Instructions for the task: What is needed is the exact text of each line in the listing below from the one with "Cara Pasang Iklan" up to and including the one with "See by Chloé", and no pictures.

Study material:
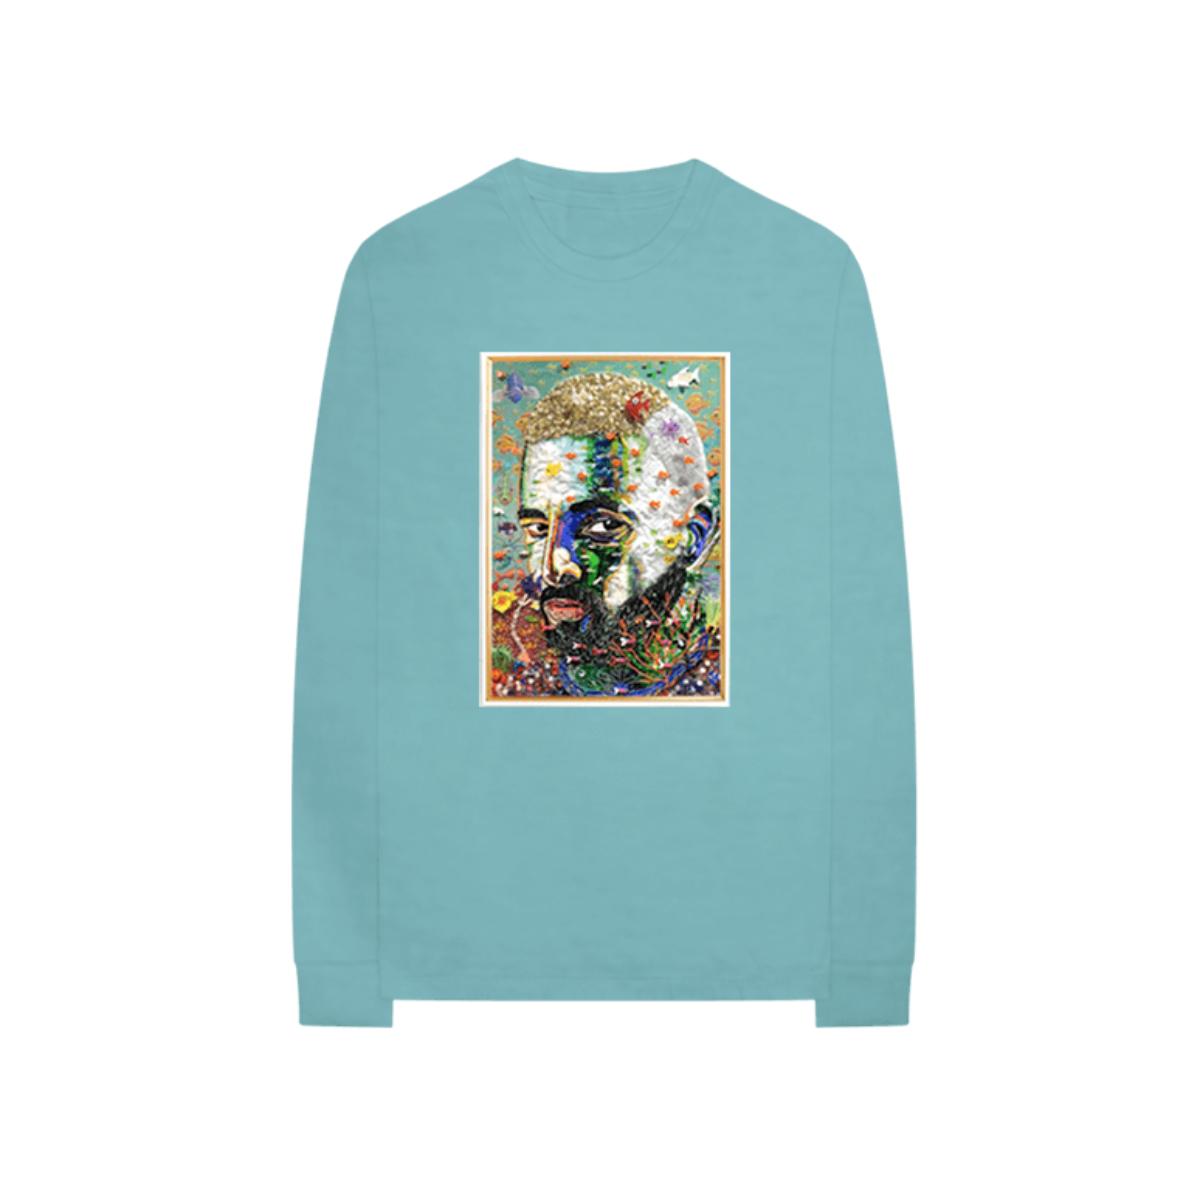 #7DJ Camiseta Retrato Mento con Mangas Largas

--

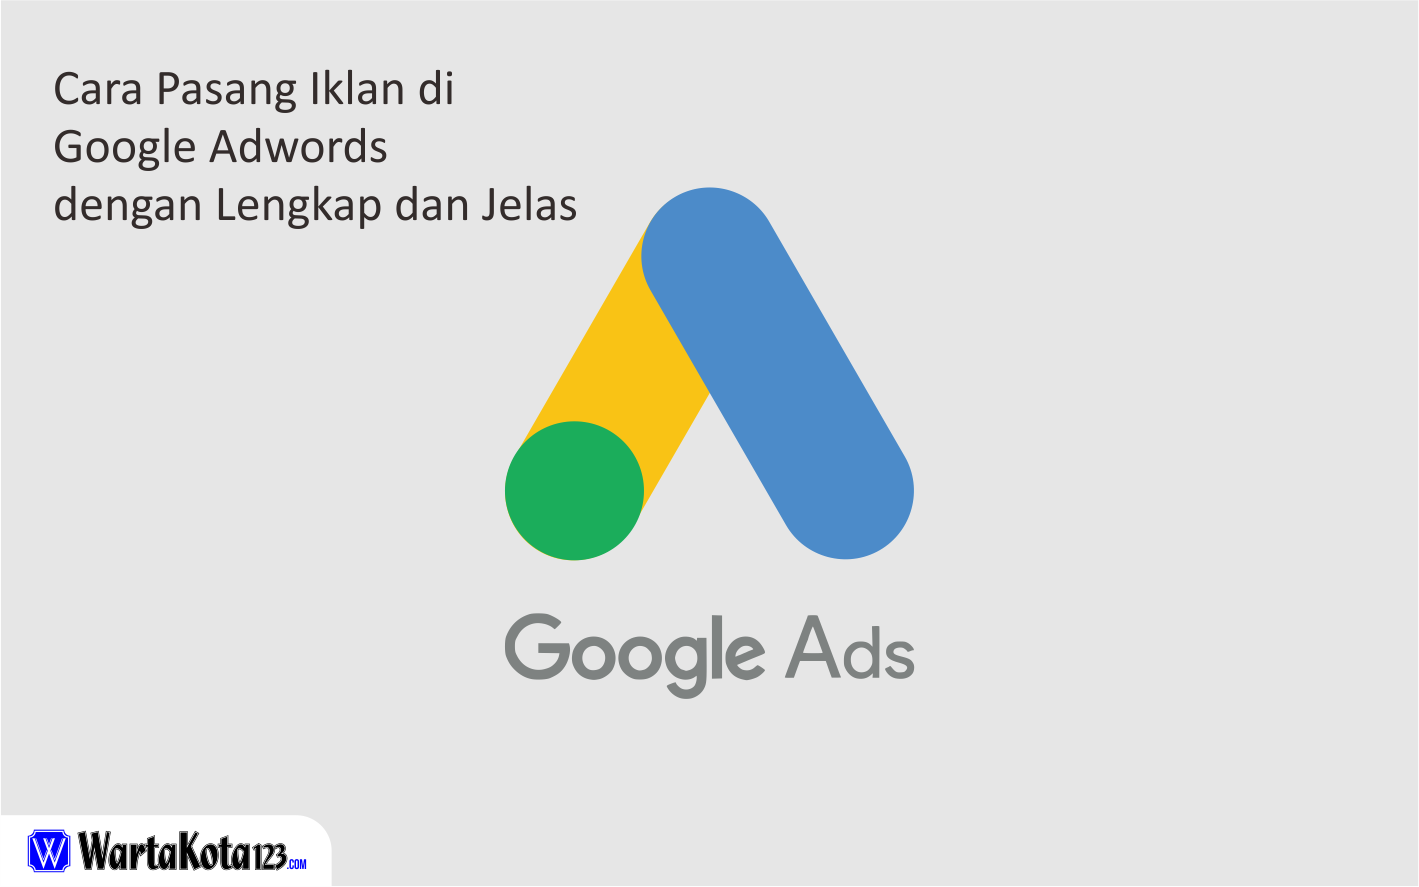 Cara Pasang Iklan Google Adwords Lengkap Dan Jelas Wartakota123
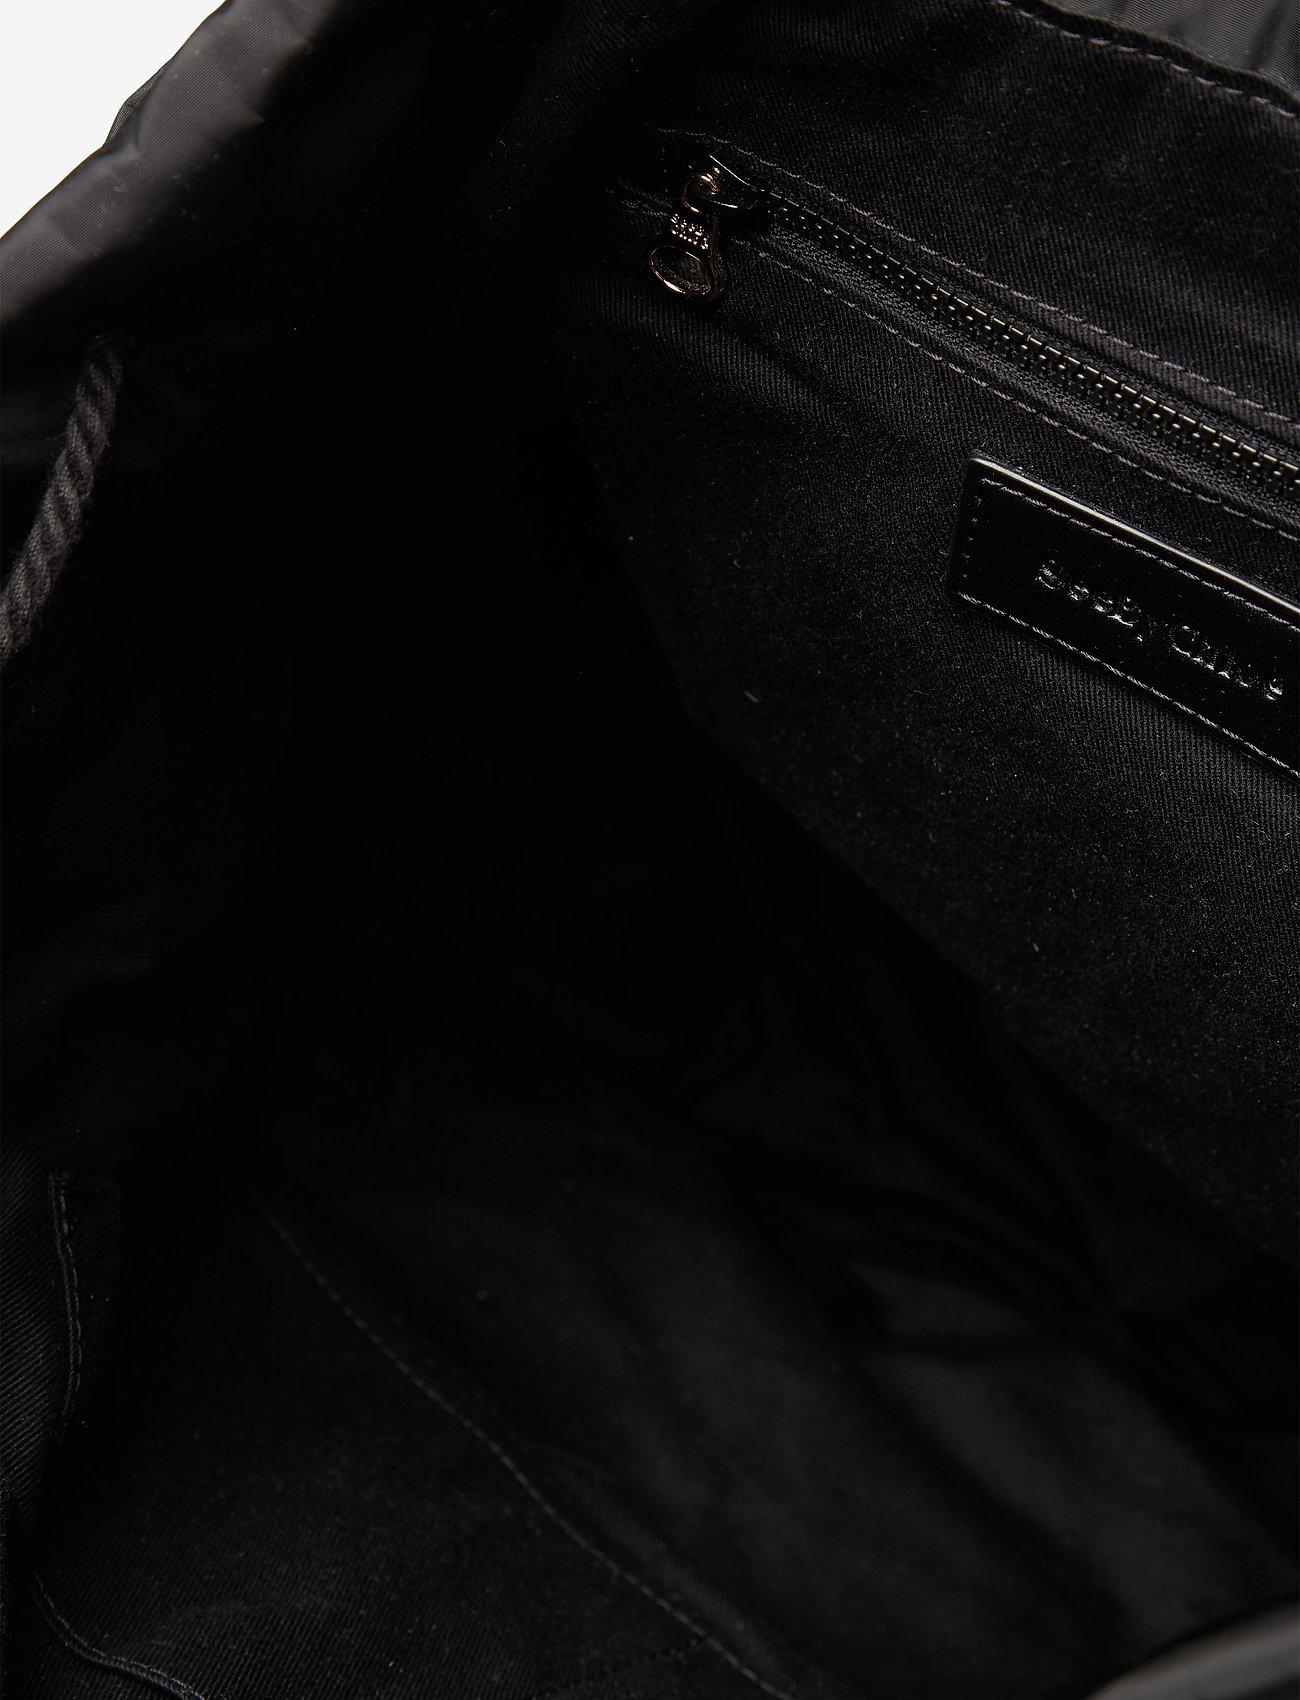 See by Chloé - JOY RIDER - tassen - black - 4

...

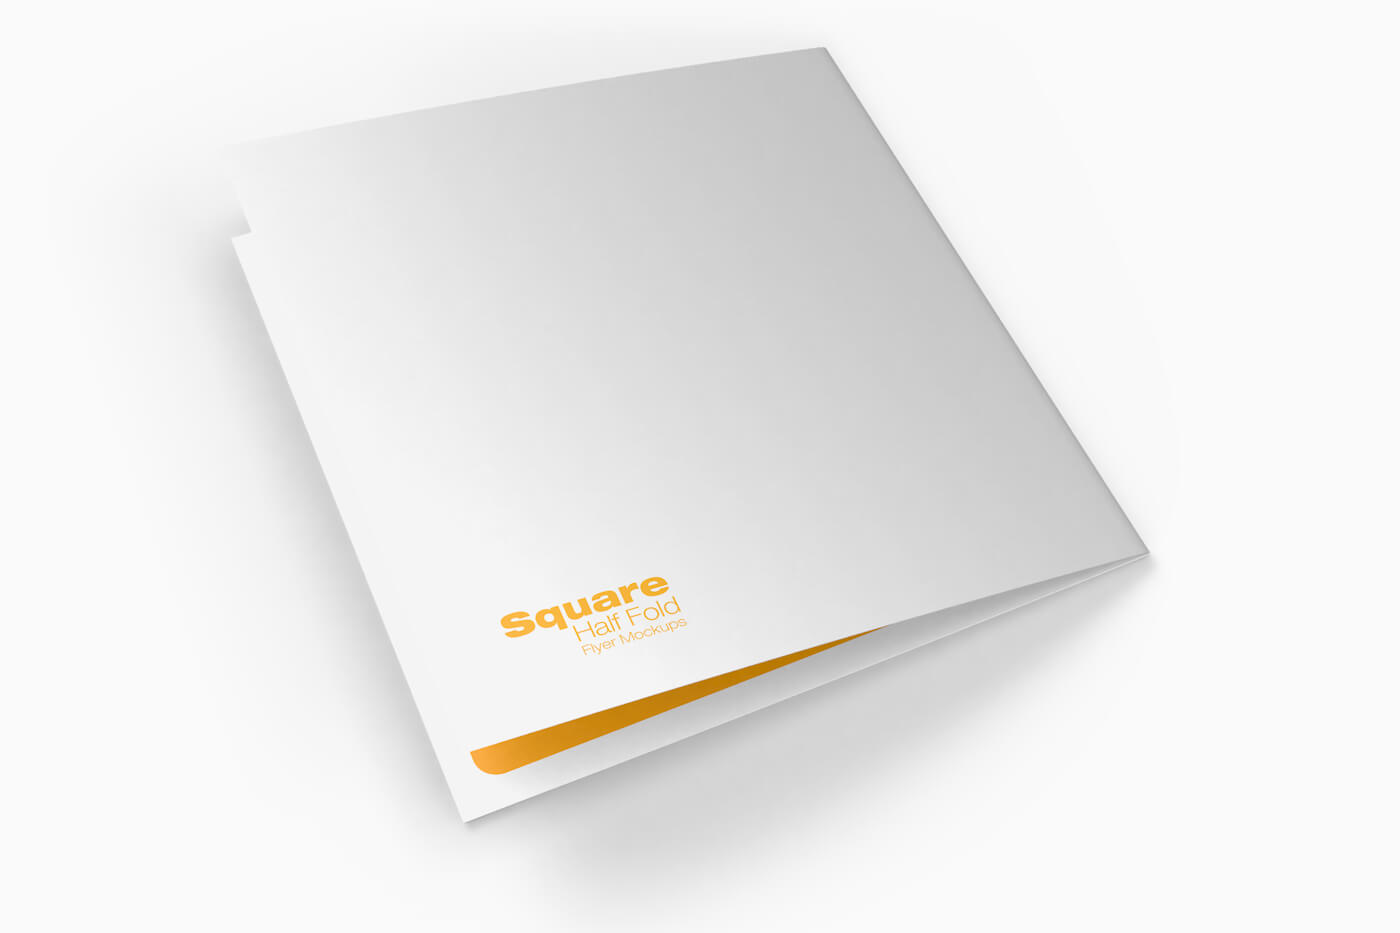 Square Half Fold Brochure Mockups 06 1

Answer for the task:
 Cara Pasang Iklan Google Adwords Lengkap Dan Jelas Wartakota123
 See by Chloé - JOY RIDER - tassen - black - 4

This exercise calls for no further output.